Retype the lines below exactly, but only those from the line that has "Foto de Galería" through the line that has "Científicos diseñan un". Omit every picture.

Data extracts:
******************************

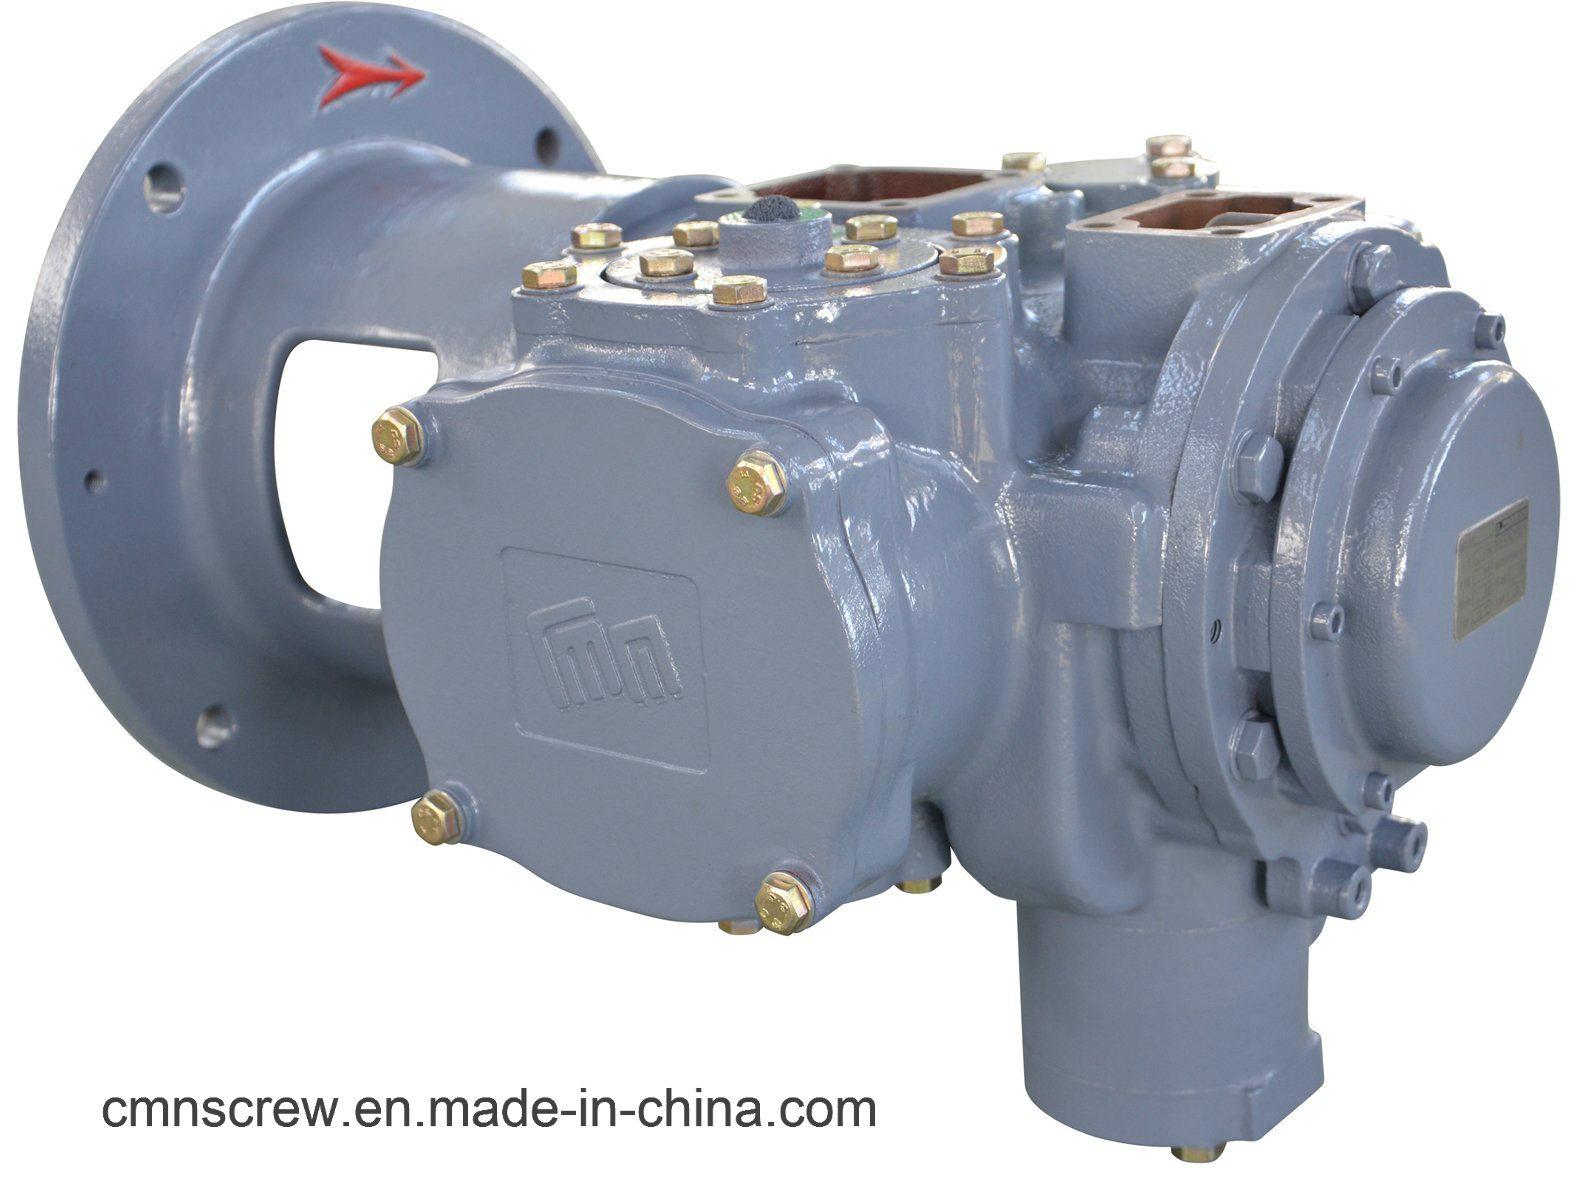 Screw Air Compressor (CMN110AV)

******************************

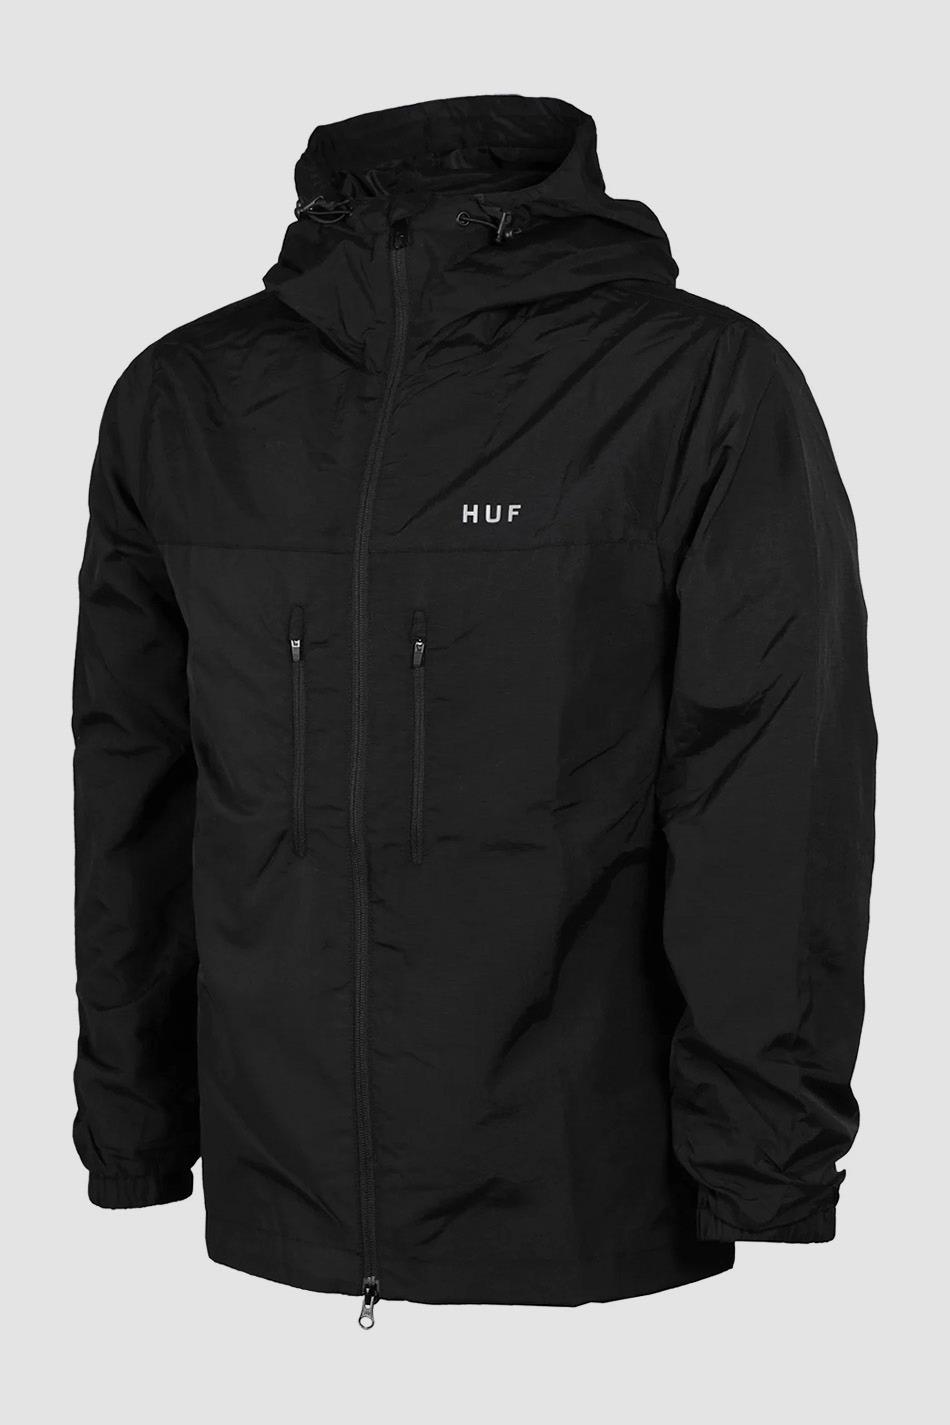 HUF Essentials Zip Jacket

******************************

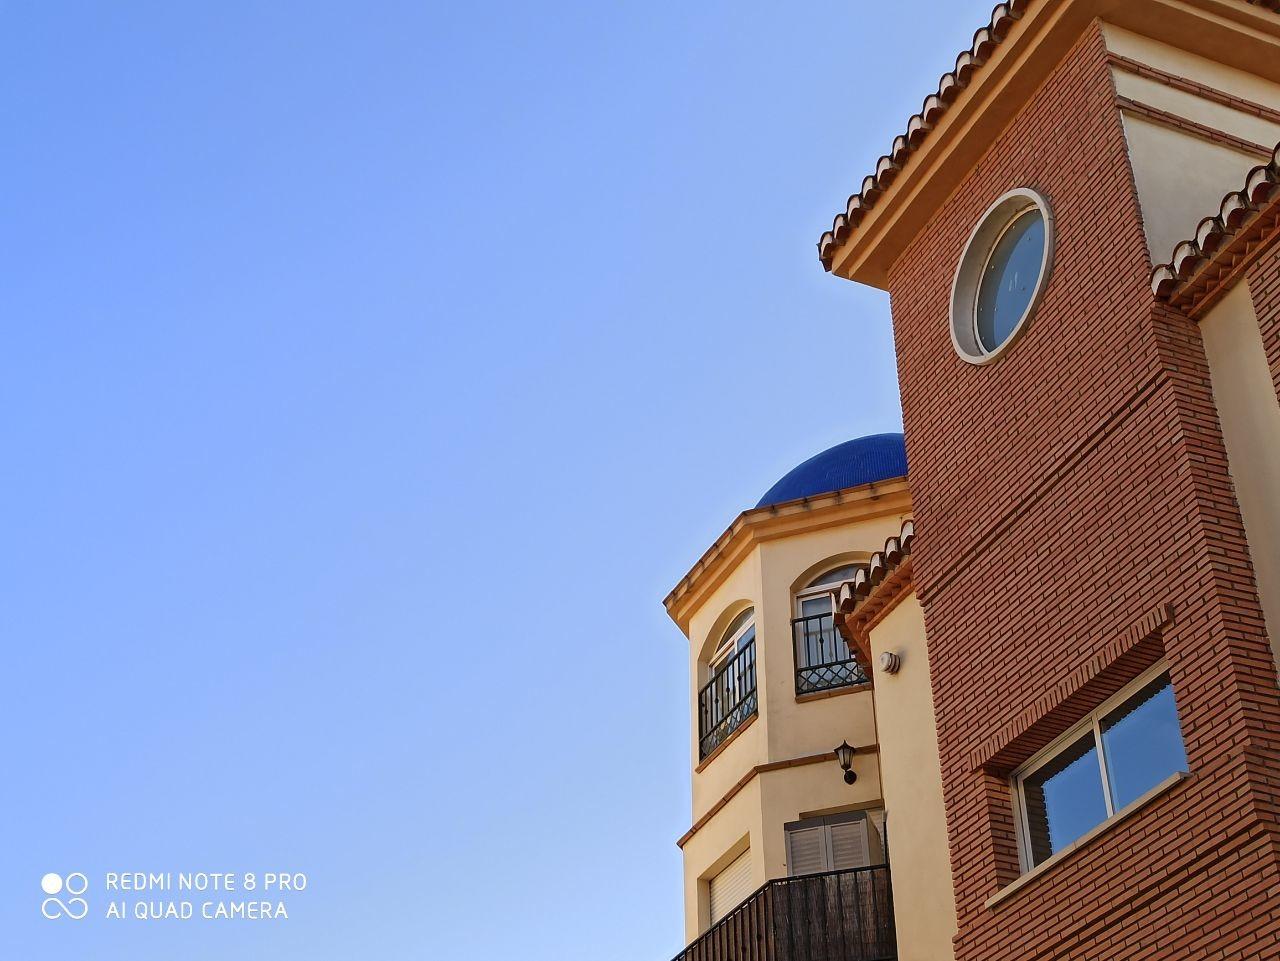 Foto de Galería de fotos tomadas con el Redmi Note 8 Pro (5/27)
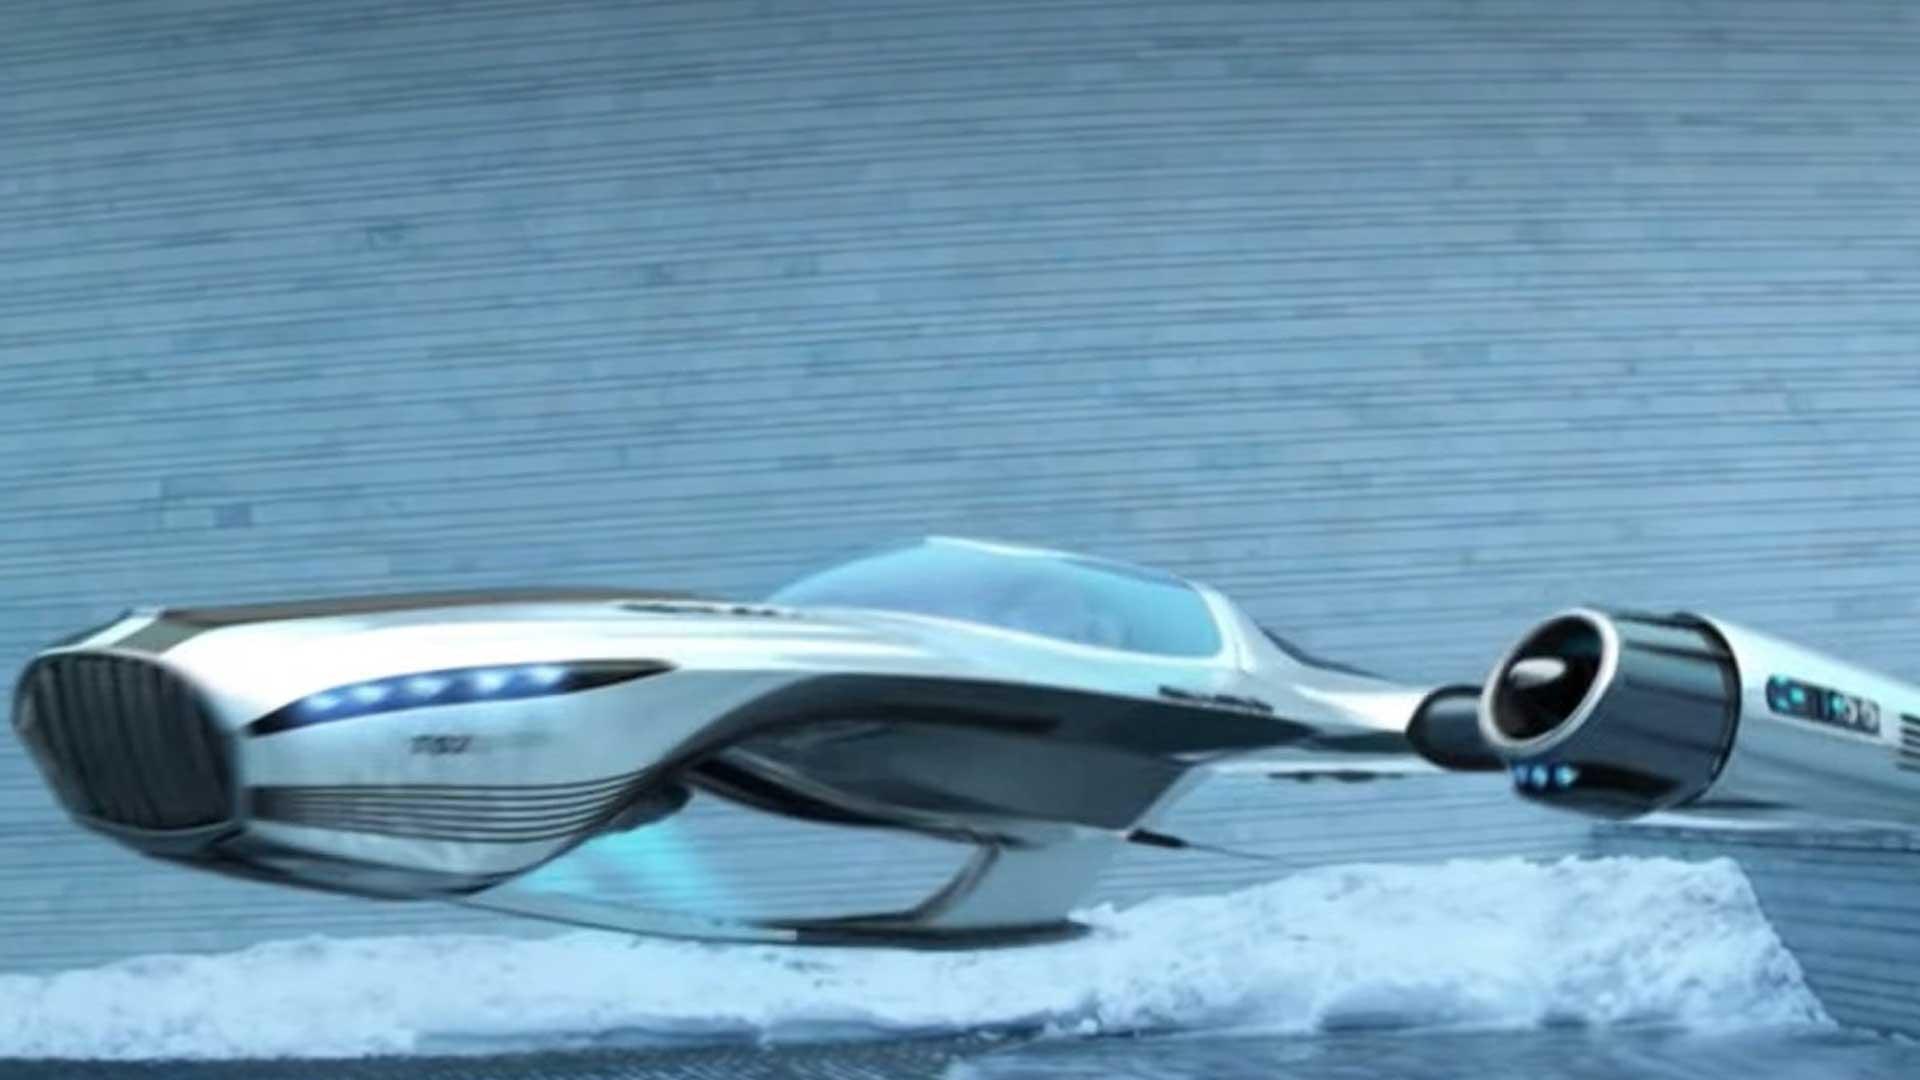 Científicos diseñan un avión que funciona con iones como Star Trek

******************************

Solution for this exercise:
 Foto de Galería de fotos tomadas con el Redmi Note 8 Pro (5/27)
 Científicos diseñan un avión que funciona con iones como Star Trek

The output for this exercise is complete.